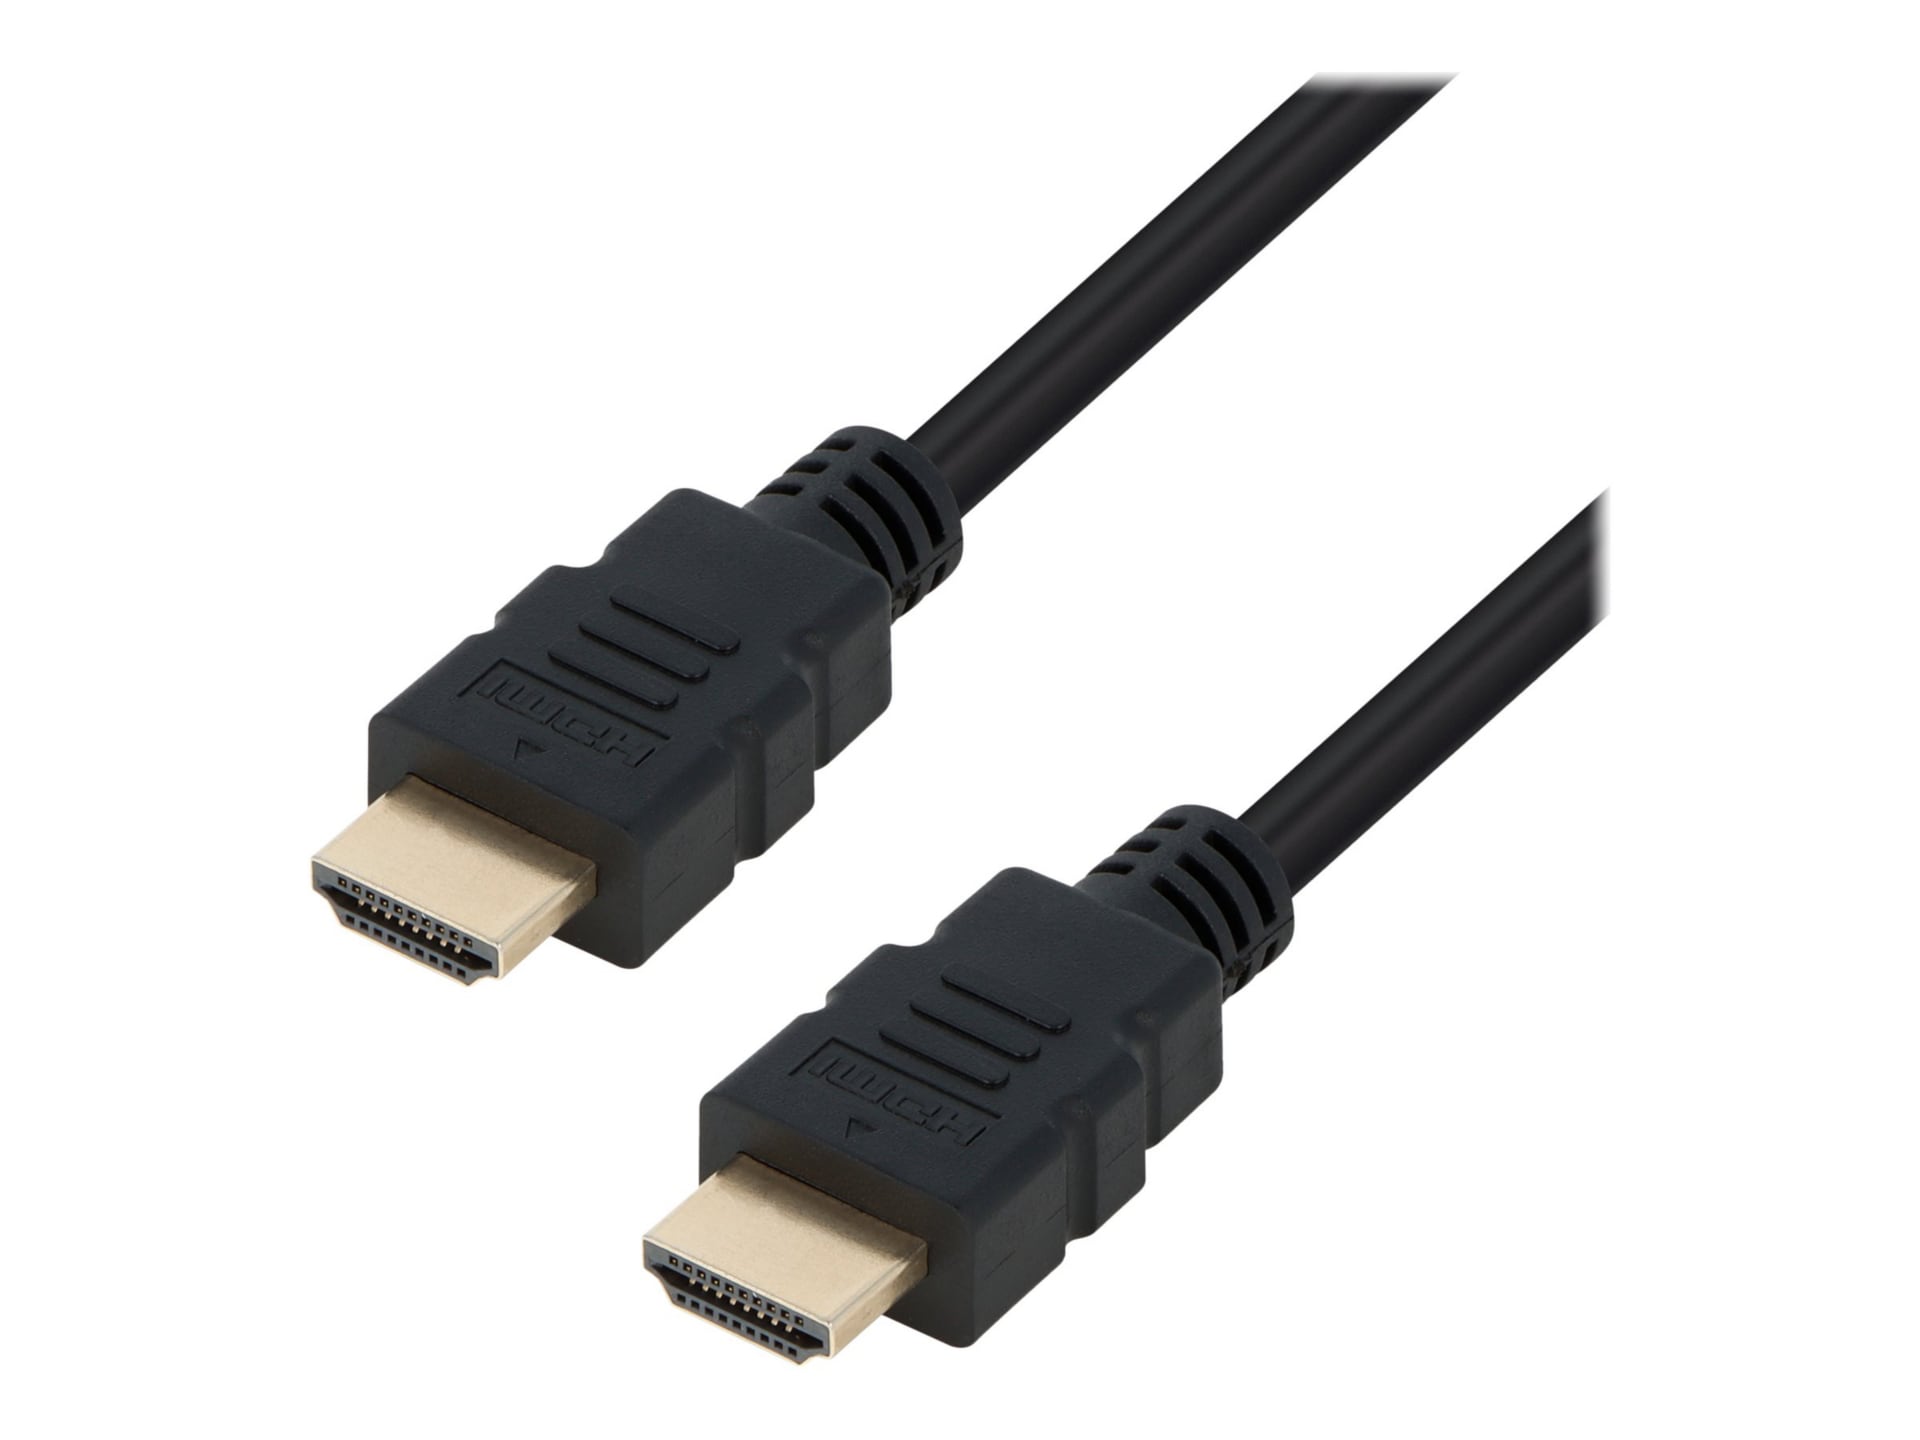 VisionTek HDMI 3 Foot / 1 Meter Cable (M/M)
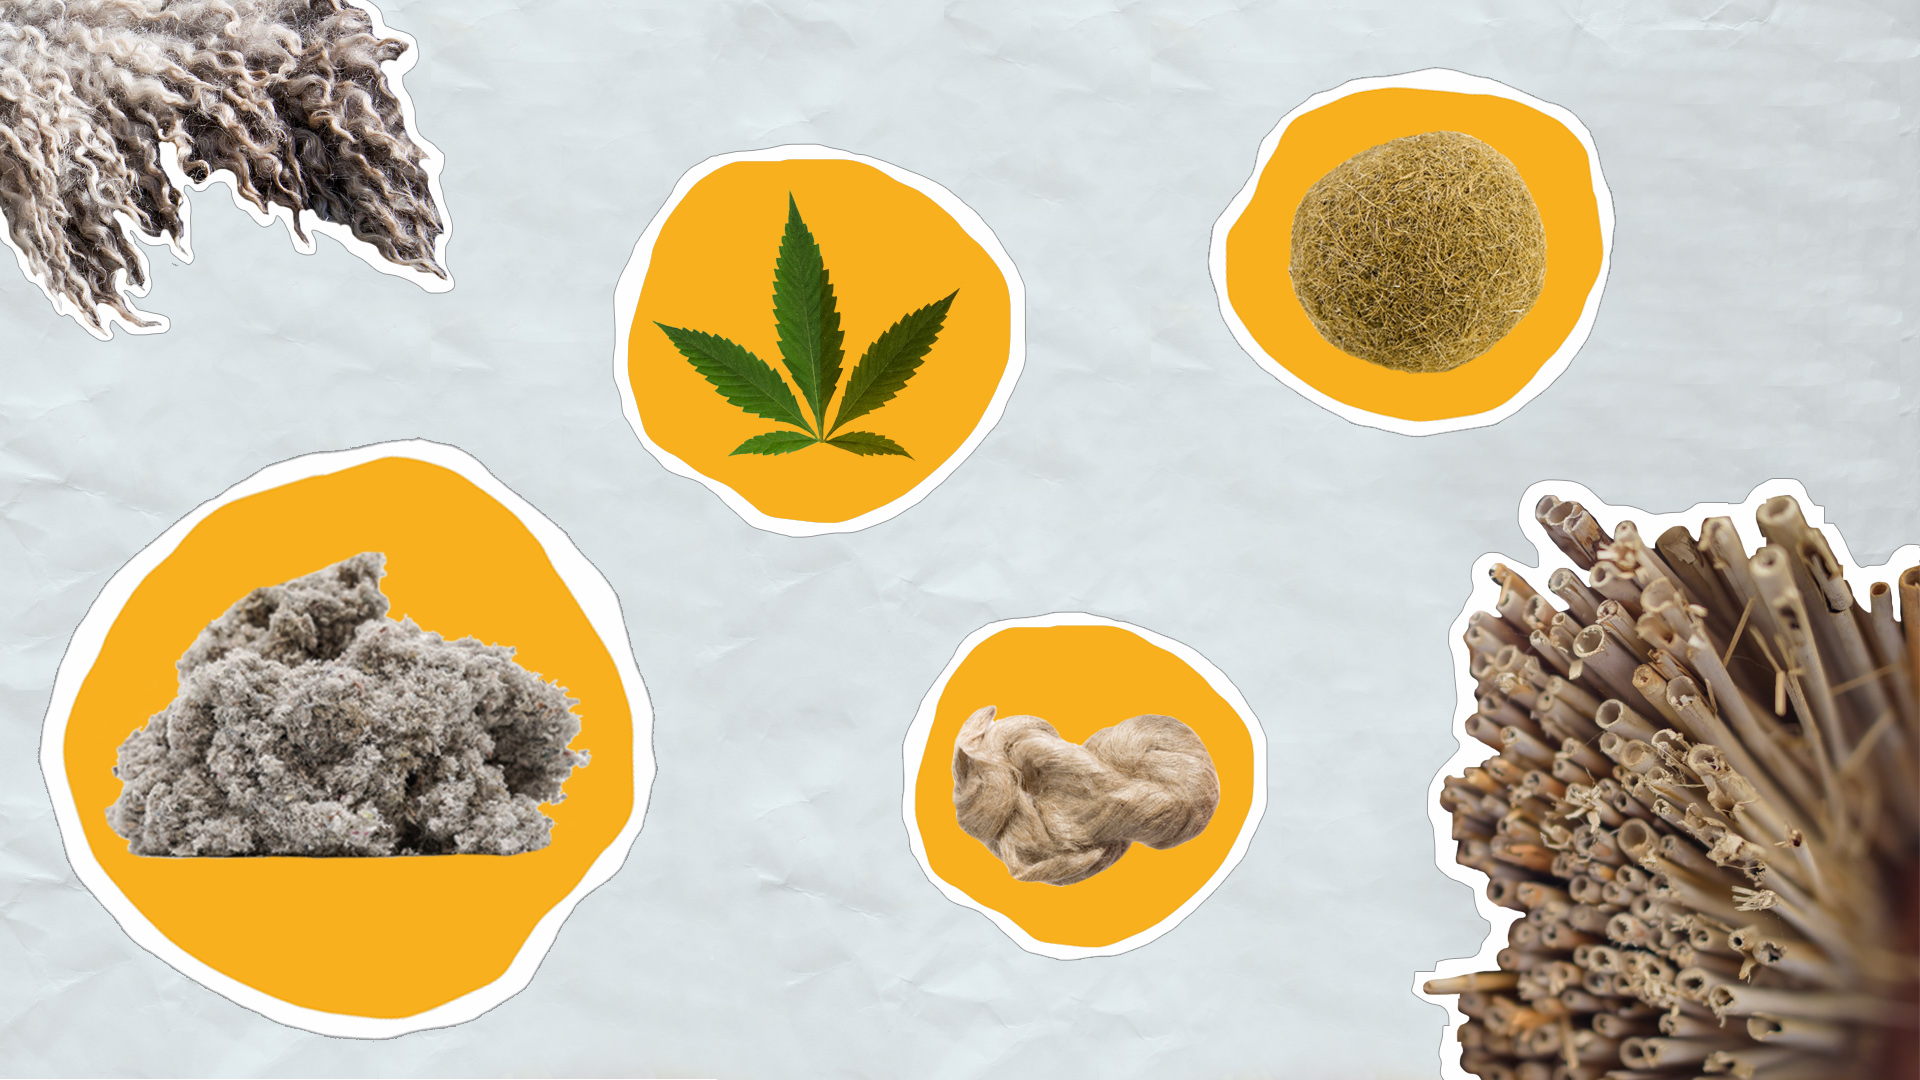 Collage aus verschiedenen ökologischen Dämmstoffen: Schafwolle, Hanf, Zellulose, Schilf, Jute und Seegras
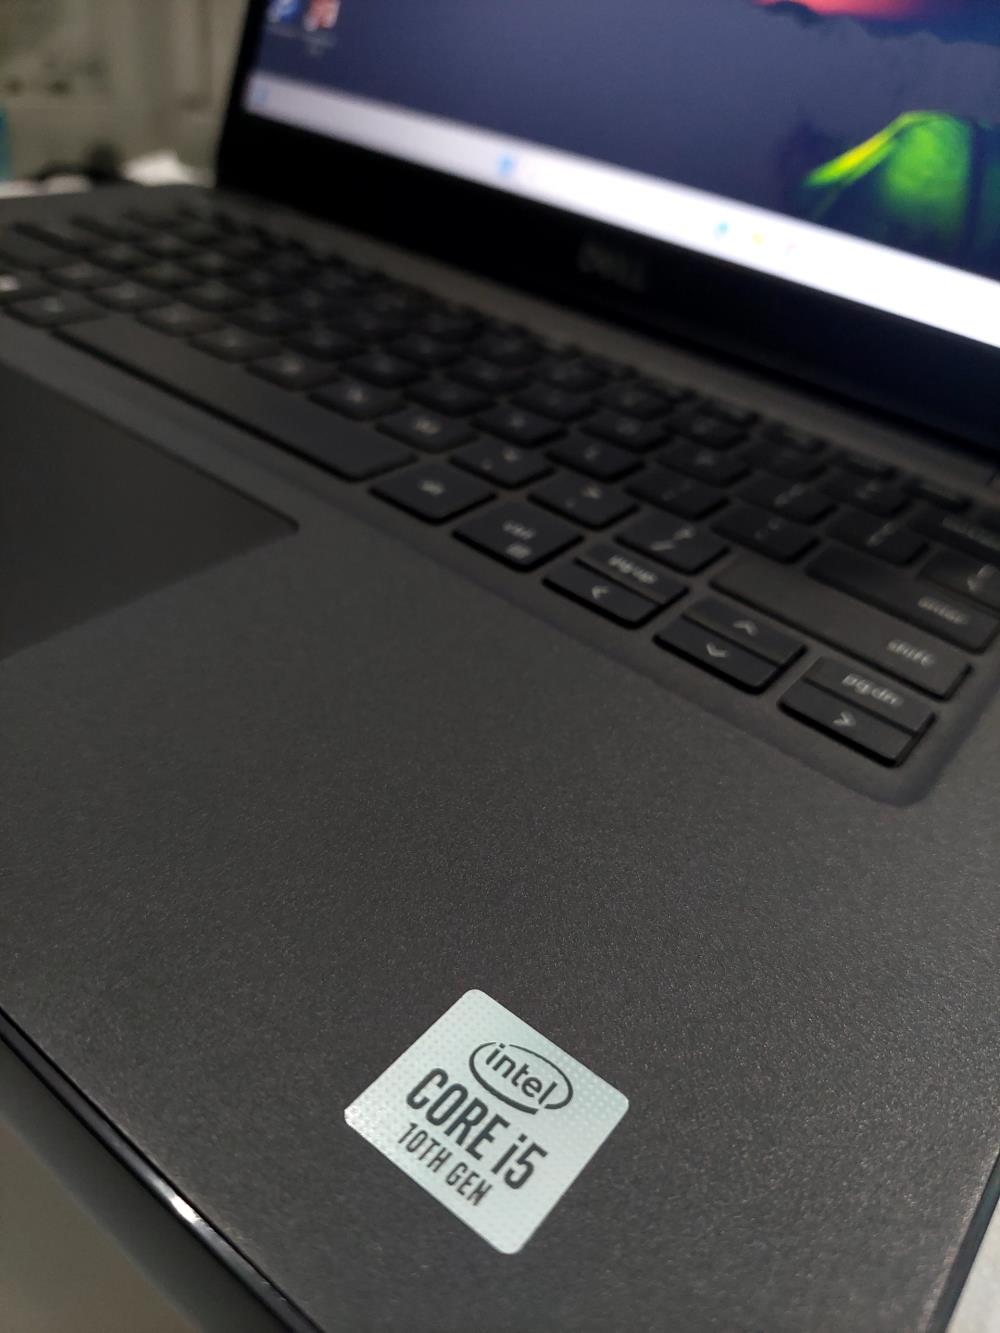 SUPER SALE: Laptop Dell Chính Hãng - Giá Cực Sốc Chỉ Từ 4 Triệu!1452685
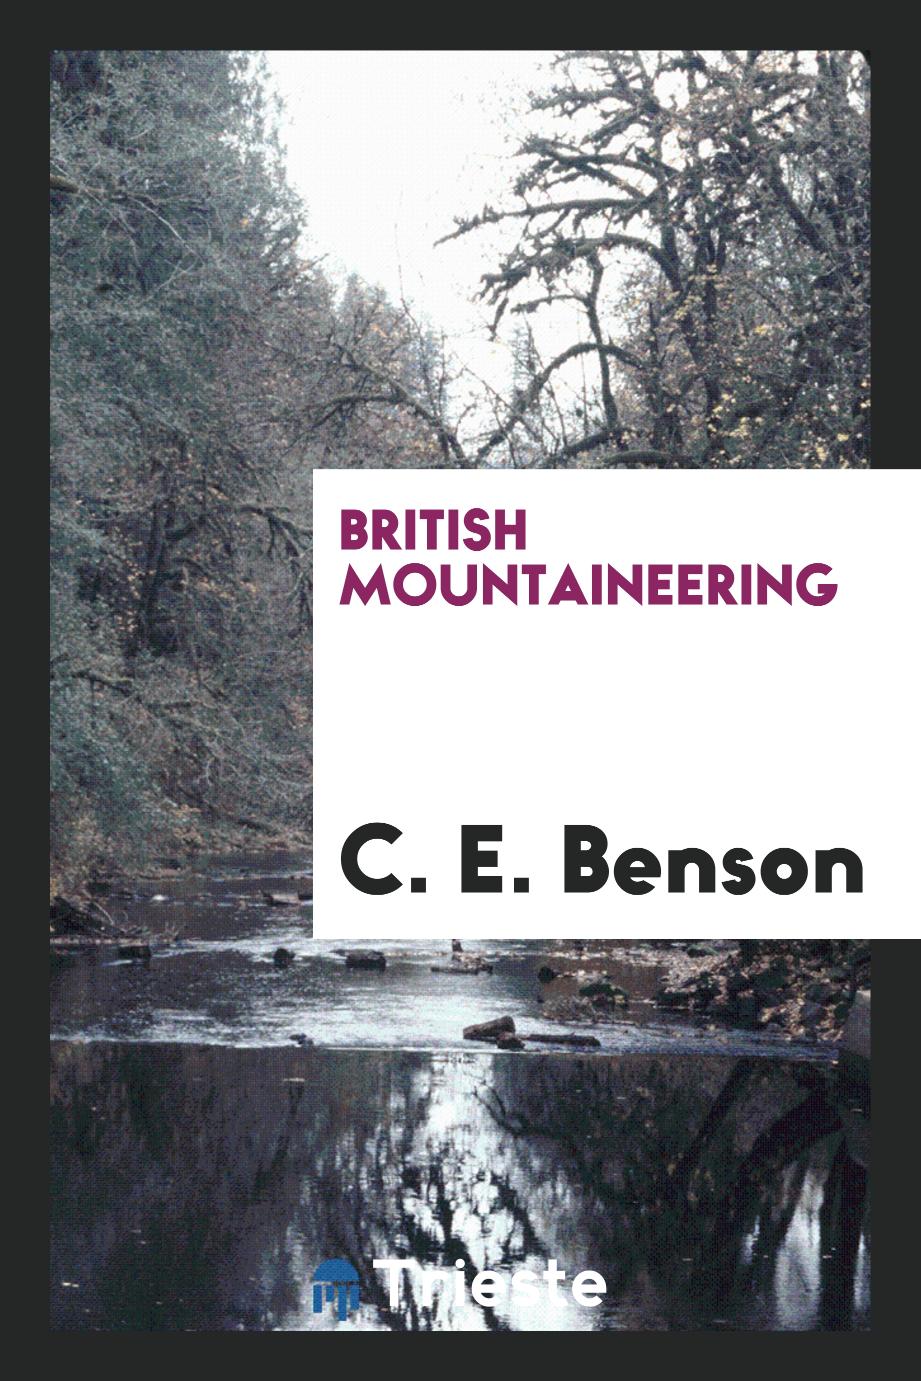 British mountaineering
# # #
- Requirement: Pictures stay out; everything else in the listing above gets restated word for word.

- Result:
 VisionTek HDMI 3 Foot / 1 Meter Cable (M/M)
 Collage aus verschiedenen ökologischen Dämmstoffen: Schafwolle, Hanf, Zellulose, Schilf, Jute und Seegras
 SUPER SALE: Laptop Dell Chính Hãng - Giá Cực Sốc Chỉ Từ 4 Triệu!1452685
 British mountaineering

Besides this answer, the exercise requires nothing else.